Pei, en toute pérennité

Le 30 Juillet 2019

“Ce qui m’intéresse le plus en architecture, c’est ce qui résiste à l’épreuve du temps”, disait le petit homme aux lunettes rondes cerclées d’écaille de tortue. À 102 ans, Ieoh Ming Pei s’est éteint à New York le 16 mai dernier. Il était l’un des premiers Pritzker américains, distinction qu’il reçut en 1983, après Philip Johnson et Kevin Roche. Né en Chine à Canton en 1917, il émigre aux États-Unis à l’âge de 17 ans. Formé notamment au MIT à Boston par Walter Gropius, il se lie d’amitié avec Marcel Breuer, autre figure du Bauhaus. Attiré par l’ingénierie, Pei se révélera un “architecte-constructeur”.
Il fait ses premières armes auprès du promoteur William Zeckendorf avant de créer son agence à l’âge de 38 ans, en 1955. Son architecture géométrique et sculpturale va prendre une dimension particulière avec une série de bâtiments publics, dont la bibliothèque John F. Kennedy à Boston (1964-1979). Un an après l’assassinat du président américain, Pei est choisi pour réaliser cette commande iconique (mi-mémorial, mi-musée et centre de recherche) ; il est alors préféré à Louis Kahn, Mies van der Rohe, Paul Rudolph et Gordon Bunshaft. Son premier projet est une pyramide tronquée. Puis, à la faveur d’un changement de site, du bord de la rivière à Cambridge au bord de mer à la pointe du port de Boston, le projet va prendre une allure plus sculpturale encore : un haut bloc de verre noir imbriqué dans des volumes blancs. Un grand drapeau américain pend depuis au cœur de cet atrium monumental de 33 mètres de haut. L’hôtel de ville de Dallas (1966-1977), reconnaissable à sa façade monumentale inclinée, sorte de pyramide inversée dans une spectaculaire relation à l’espace public, révèle l’intérêt profond qu’il avait pour Le Corbusier. Mais c’est sans nul doute l’extension de la National Gallery of Art à Washington DC, avec ses blocs de marbre et ses morceaux de pyramide émergents (1968-1978), qui lui vaudra la commande directe décidée par le président François Mitterrand : le Grand Louvre. Influencé par la géométrie de l’œuvre de Le Nôtre, Pei conçoit alors la Pyramide, une œuvre dont on vient de fêter le 30e anniversaire (1983-1989) et qui a su faire le consensus total après une violente polémique.
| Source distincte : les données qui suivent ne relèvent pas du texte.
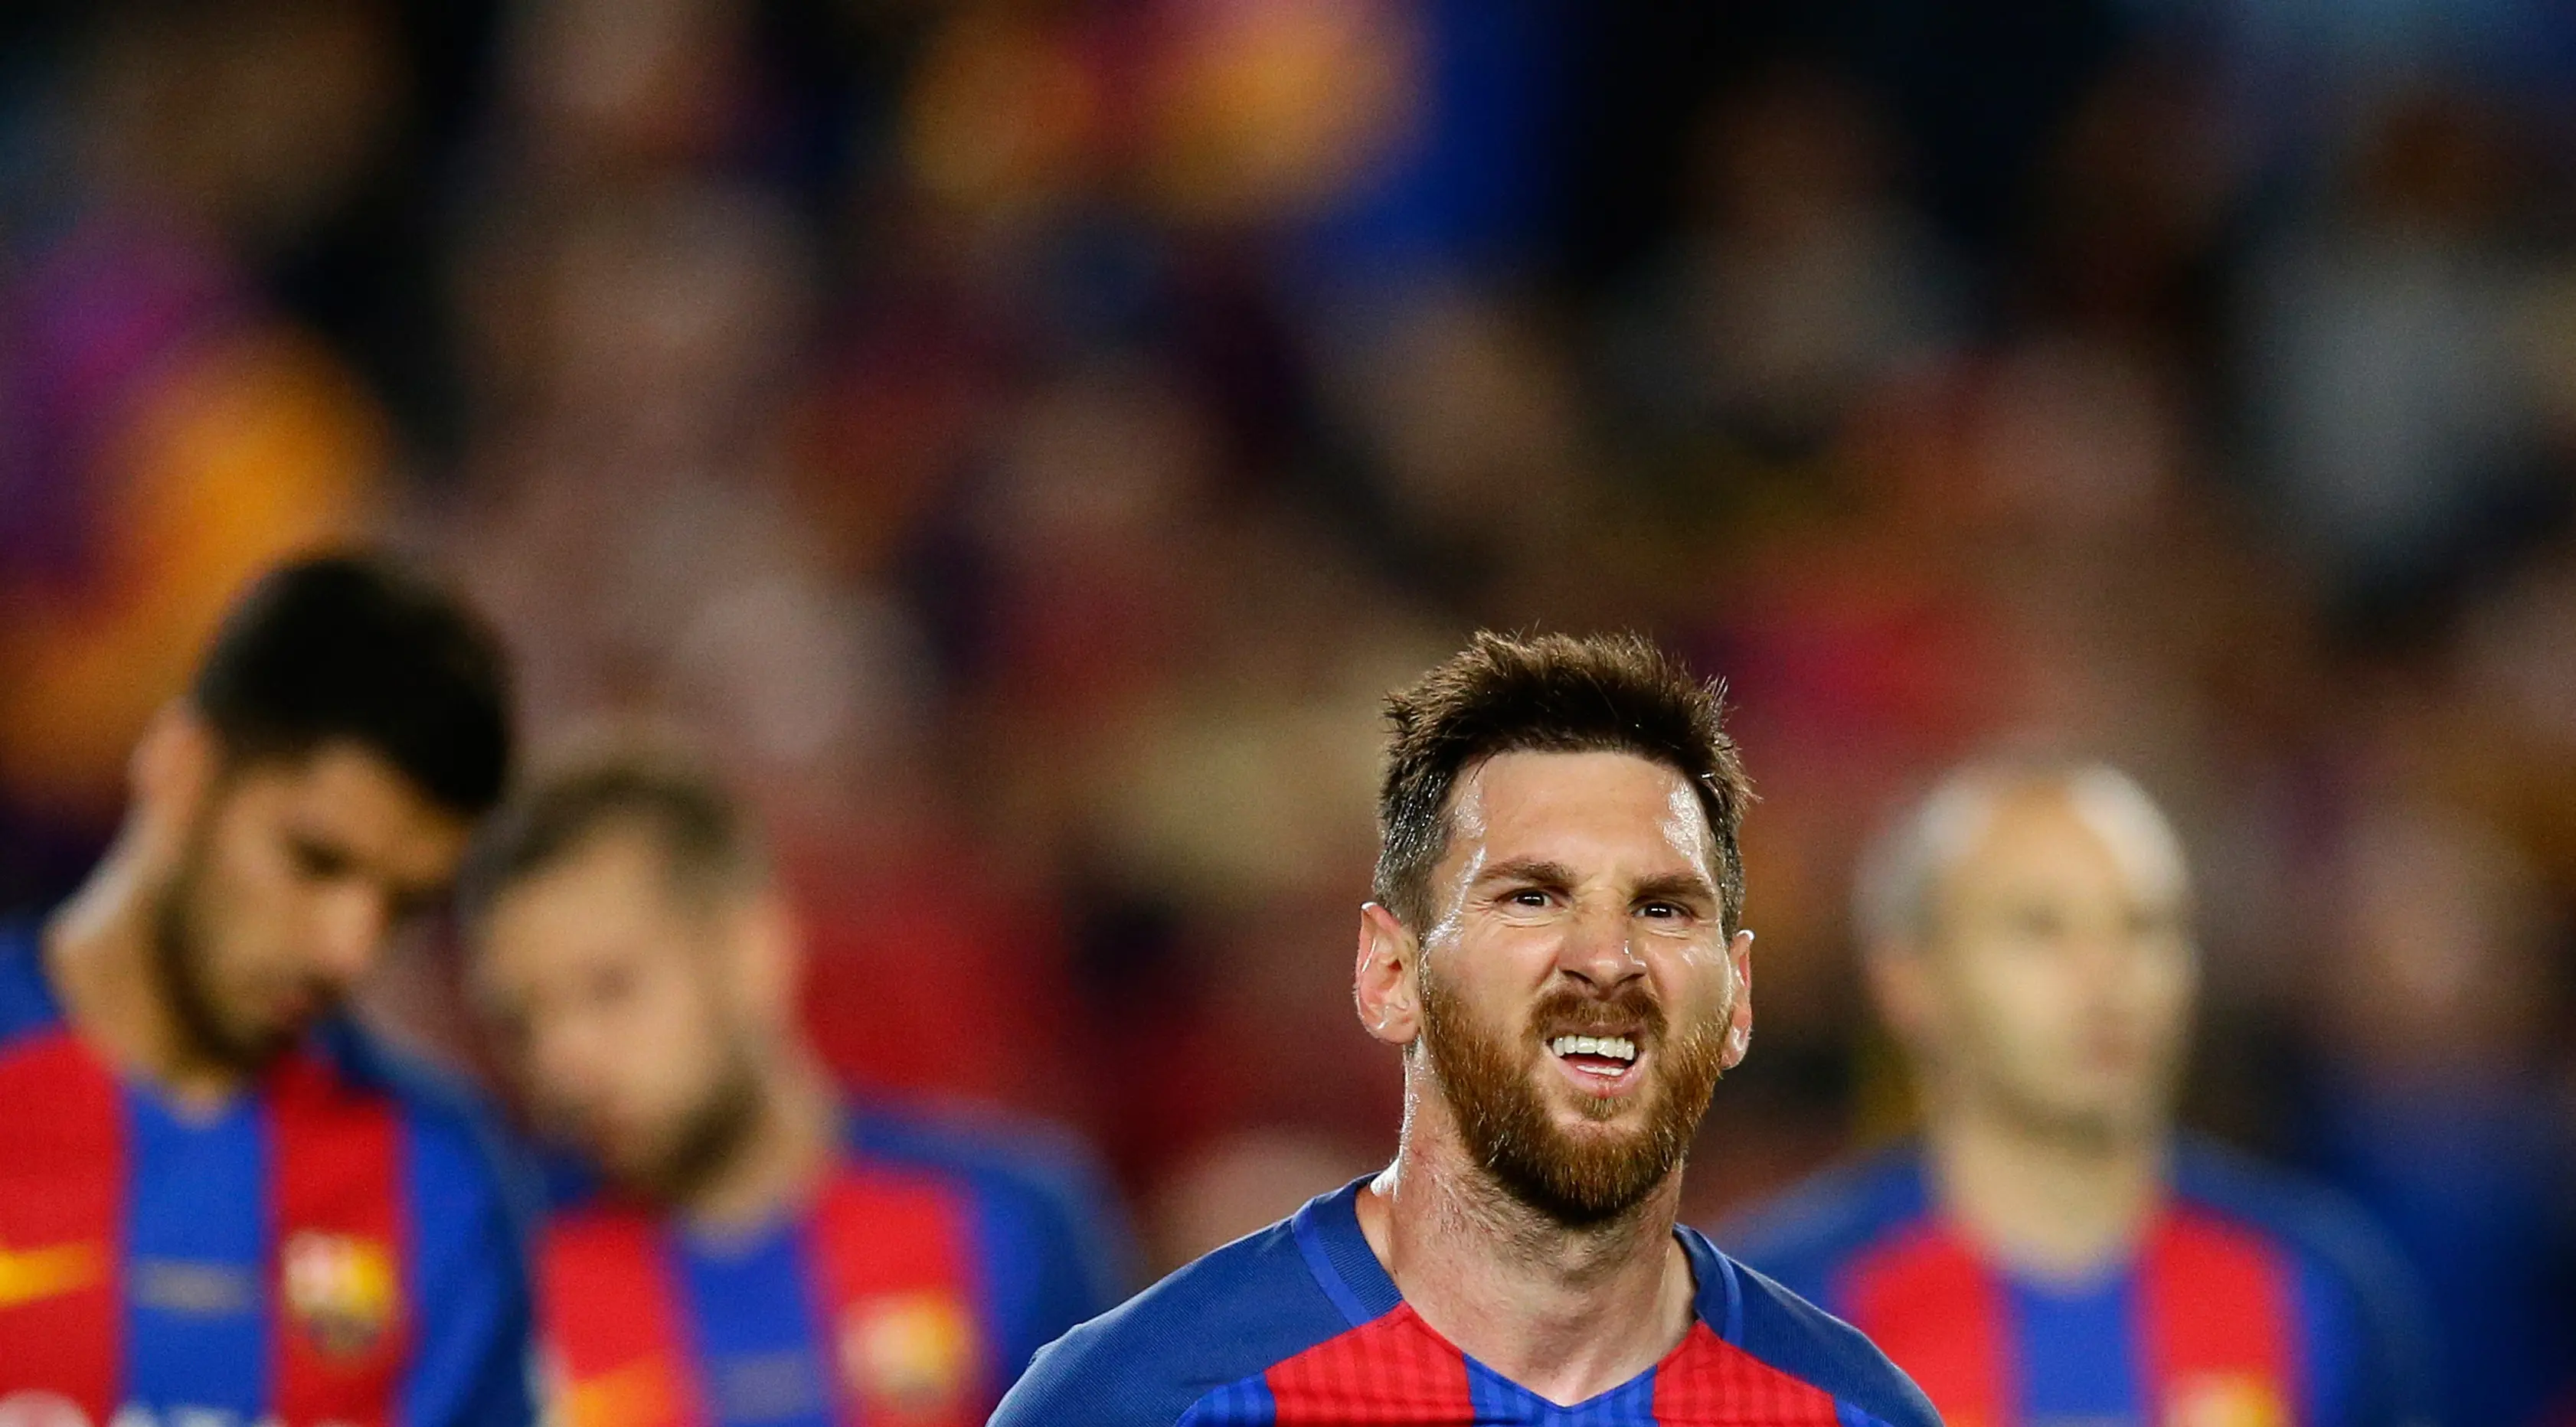 Ekspresi penyerang Barcelona, Lionel Messi usai pertandingan melawan Eibar di stadion Camp Nou, Barcelona, Spanyol,(21/5). Dalam pertandingan ini Messi mencetak dua gol dan mengantar Barcelona menang 4-2 atas Eibar. (AP Photo / Manu Fernandez)

Il retourne dans son pays d’origine 49 ans après son départ, en 1983, pour construire un hôtel dans le parc des Collines parfumées, près de Pékin. Il réalise plus tard, en 2006, le musée d’Art à Suzhou, berceau de sa famille. Mais il s’agit d’un tout autre enjeu pour lui (dont le père était banquier) quand il s’attelle à ériger la tour de la Banque de Chine à Hong Kong en 1989. Un building de 367 mètres qui a trouvé sa place dans le skyline hyperdense de l’île, avec son concept inspiré de la croissance du bambou, dans un face-à-face avec la célèbre tour de la Hong Kong and Shanghai Banking Corporation (HSBC) construite par Norman Foster quatre ans plus tôt.